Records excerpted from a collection
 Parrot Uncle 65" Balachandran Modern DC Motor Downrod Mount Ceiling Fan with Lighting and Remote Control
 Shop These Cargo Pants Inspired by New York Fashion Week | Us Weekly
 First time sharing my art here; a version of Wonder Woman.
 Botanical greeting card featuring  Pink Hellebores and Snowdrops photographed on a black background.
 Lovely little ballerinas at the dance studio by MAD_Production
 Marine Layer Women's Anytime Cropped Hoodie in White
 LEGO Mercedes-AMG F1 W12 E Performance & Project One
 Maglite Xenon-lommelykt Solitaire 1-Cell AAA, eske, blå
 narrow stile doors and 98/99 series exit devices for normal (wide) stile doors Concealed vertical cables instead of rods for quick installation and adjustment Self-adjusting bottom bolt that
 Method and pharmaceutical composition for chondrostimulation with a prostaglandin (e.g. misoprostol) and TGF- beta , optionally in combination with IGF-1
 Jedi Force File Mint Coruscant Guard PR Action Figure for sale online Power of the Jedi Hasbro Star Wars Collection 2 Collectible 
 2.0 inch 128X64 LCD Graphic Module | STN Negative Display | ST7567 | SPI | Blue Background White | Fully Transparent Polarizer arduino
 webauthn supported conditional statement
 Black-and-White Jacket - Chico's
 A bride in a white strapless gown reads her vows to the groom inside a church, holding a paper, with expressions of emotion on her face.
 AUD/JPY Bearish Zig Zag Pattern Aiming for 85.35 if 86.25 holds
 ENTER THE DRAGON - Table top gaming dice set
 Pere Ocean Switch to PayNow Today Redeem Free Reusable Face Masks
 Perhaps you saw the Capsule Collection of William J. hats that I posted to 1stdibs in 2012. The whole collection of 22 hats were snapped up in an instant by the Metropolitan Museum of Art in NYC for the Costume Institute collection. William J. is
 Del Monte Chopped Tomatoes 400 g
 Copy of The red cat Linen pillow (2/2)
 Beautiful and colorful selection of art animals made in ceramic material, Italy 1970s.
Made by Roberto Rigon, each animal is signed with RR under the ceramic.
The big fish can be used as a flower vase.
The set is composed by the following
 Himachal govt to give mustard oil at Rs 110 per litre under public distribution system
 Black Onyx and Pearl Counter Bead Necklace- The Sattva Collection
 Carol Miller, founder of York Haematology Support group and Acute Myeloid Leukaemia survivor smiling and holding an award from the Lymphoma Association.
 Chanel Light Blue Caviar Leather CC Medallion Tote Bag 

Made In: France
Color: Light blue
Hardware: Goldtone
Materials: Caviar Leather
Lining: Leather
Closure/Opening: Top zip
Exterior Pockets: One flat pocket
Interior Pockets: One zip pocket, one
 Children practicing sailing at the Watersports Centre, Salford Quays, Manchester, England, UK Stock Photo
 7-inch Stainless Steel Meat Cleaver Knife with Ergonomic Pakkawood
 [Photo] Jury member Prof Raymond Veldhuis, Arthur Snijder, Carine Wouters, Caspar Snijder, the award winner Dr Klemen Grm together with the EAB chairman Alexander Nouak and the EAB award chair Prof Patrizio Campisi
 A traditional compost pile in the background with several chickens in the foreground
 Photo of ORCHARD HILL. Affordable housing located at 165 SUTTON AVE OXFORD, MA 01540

> _Goal of the exercise_
Go through the entries above and report each line with the string "holding" in it.

> _Reply_
 A bride in a white strapless gown reads her vows to the groom inside a church, holding a paper, with expressions of emotion on her face.
 Carol Miller, founder of York Haematology Support group and Acute Myeloid Leukaemia survivor smiling and holding an award from the Lymphoma Association.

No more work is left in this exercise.